## The problem:
Could you set down every entry exactly as it appears?

## Data extracts:
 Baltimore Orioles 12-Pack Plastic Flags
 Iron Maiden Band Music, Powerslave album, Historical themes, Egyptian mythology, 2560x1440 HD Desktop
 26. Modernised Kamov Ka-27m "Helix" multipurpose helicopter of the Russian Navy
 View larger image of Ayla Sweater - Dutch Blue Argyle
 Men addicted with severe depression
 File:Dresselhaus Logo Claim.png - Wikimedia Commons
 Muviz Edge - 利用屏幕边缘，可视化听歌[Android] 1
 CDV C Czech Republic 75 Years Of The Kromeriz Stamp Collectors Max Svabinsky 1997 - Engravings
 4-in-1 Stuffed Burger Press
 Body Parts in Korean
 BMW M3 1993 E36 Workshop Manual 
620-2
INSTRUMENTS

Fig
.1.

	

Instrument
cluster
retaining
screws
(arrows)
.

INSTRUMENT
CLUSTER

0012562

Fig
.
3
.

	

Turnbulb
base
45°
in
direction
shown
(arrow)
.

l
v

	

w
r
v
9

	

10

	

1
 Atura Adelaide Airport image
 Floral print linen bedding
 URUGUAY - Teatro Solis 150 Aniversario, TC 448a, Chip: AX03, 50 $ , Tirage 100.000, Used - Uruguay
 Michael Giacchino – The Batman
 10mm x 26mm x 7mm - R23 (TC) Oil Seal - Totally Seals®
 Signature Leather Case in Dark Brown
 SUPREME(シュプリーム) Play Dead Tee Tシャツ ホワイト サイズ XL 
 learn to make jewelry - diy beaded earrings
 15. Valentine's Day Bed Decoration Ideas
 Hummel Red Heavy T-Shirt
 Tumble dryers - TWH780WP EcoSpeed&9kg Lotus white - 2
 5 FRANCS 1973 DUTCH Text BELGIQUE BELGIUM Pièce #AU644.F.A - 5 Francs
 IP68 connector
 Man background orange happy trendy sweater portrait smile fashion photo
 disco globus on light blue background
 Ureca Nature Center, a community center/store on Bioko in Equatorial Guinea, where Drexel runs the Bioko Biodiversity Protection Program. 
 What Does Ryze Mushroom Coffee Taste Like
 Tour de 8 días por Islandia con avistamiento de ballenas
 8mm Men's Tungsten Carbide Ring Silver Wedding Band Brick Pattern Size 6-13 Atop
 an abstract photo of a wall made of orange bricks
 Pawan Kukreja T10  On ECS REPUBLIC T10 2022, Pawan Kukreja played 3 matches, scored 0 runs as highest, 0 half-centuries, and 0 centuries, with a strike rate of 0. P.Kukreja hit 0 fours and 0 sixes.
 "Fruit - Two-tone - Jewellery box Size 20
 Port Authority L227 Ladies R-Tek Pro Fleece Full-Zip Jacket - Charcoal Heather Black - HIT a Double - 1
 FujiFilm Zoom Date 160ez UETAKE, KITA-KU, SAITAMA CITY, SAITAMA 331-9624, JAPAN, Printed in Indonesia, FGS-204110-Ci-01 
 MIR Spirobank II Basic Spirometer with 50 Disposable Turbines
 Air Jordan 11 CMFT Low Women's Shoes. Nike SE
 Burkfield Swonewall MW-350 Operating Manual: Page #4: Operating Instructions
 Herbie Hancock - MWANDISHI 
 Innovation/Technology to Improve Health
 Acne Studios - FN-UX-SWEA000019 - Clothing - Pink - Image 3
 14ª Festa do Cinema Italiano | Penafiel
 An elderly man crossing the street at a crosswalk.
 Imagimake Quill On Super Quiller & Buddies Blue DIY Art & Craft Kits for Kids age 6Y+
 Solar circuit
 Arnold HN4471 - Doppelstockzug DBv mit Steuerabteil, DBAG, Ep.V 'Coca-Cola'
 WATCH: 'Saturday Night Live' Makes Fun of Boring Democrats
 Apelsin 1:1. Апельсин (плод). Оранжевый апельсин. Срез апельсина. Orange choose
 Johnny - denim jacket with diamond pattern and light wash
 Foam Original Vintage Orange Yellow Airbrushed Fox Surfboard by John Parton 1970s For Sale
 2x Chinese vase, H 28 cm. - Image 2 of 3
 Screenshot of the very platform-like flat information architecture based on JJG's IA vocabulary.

## Solution:
 Baltimore Orioles 12-Pack Plastic Flags
 Iron Maiden Band Music, Powerslave album, Historical themes, Egyptian mythology, 2560x1440 HD Desktop
 26. Modernised Kamov Ka-27m "Helix" multipurpose helicopter of the Russian Navy
 View larger image of Ayla Sweater - Dutch Blue Argyle
 Men addicted with severe depression
 File:Dresselhaus Logo Claim.png - Wikimedia Commons
 Muviz Edge - 利用屏幕边缘，可视化听歌[Android] 1
 CDV C Czech Republic 75 Years Of The Kromeriz Stamp Collectors Max Svabinsky 1997 - Engravings
 4-in-1 Stuffed Burger Press
 Body Parts in Korean
 BMW M3 1993 E36 Workshop Manual 
620-2
INSTRUMENTS

Fig
.1.

	

Instrument
cluster
retaining
screws
(arrows)
.

INSTRUMENT
CLUSTER

0012562

Fig
.
3
.

	

Turnbulb
base
45°
in
direction
shown
(arrow)
.

l
v

	

w
r
v
9

	

10

	

1
 Atura Adelaide Airport image
 Floral print linen bedding
 URUGUAY - Teatro Solis 150 Aniversario, TC 448a, Chip: AX03, 50 $ , Tirage 100.000, Used - Uruguay
 Michael Giacchino – The Batman
 10mm x 26mm x 7mm - R23 (TC) Oil Seal - Totally Seals®
 Signature Leather Case in Dark Brown
 SUPREME(シュプリーム) Play Dead Tee Tシャツ ホワイト サイズ XL 
 learn to make jewelry - diy beaded earrings
 15. Valentine's Day Bed Decoration Ideas
 Hummel Red Heavy T-Shirt
 Tumble dryers - TWH780WP EcoSpeed&9kg Lotus white - 2
 5 FRANCS 1973 DUTCH Text BELGIQUE BELGIUM Pièce #AU644.F.A - 5 Francs
 IP68 connector
 Man background orange happy trendy sweater portrait smile fashion photo
 disco globus on light blue background
 Ureca Nature Center, a community center/store on Bioko in Equatorial Guinea, where Drexel runs the Bioko Biodiversity Protection Program. 
 What Does Ryze Mushroom Coffee Taste Like
 Tour de 8 días por Islandia con avistamiento de ballenas
 8mm Men's Tungsten Carbide Ring Silver Wedding Band Brick Pattern Size 6-13 Atop
 an abstract photo of a wall made of orange bricks
 Pawan Kukreja T10  On ECS REPUBLIC T10 2022, Pawan Kukreja played 3 matches, scored 0 runs as highest, 0 half-centuries, and 0 centuries, with a strike rate of 0. P.Kukreja hit 0 fours and 0 sixes.
 "Fruit - Two-tone - Jewellery box Size 20
 Port Authority L227 Ladies R-Tek Pro Fleece Full-Zip Jacket - Charcoal Heather Black - HIT a Double - 1
 FujiFilm Zoom Date 160ez UETAKE, KITA-KU, SAITAMA CITY, SAITAMA 331-9624, JAPAN, Printed in Indonesia, FGS-204110-Ci-01 
 MIR Spirobank II Basic Spirometer with 50 Disposable Turbines
 Air Jordan 11 CMFT Low Women's Shoes. Nike SE
 Burkfield Swonewall MW-350 Operating Manual: Page #4: Operating Instructions
 Herbie Hancock - MWANDISHI 
 Innovation/Technology to Improve Health
 Acne Studios - FN-UX-SWEA000019 - Clothing - Pink - Image 3
 14ª Festa do Cinema Italiano | Penafiel
 An elderly man crossing the street at a crosswalk.
 Imagimake Quill On Super Quiller & Buddies Blue DIY Art & Craft Kits for Kids age 6Y+
 Solar circuit
 Arnold HN4471 - Doppelstockzug DBv mit Steuerabteil, DBAG, Ep.V 'Coca-Cola'
 WATCH: 'Saturday Night Live' Makes Fun of Boring Democrats
 Apelsin 1:1. Апельсин (плод). Оранжевый апельсин. Срез апельсина. Orange choose
 Johnny - denim jacket with diamond pattern and light wash
 Foam Original Vintage Orange Yellow Airbrushed Fox Surfboard by John Parton 1970s For Sale
 2x Chinese vase, H 28 cm. - Image 2 of 3
 Screenshot of the very platform-like flat information architecture based on JJG's IA vocabulary.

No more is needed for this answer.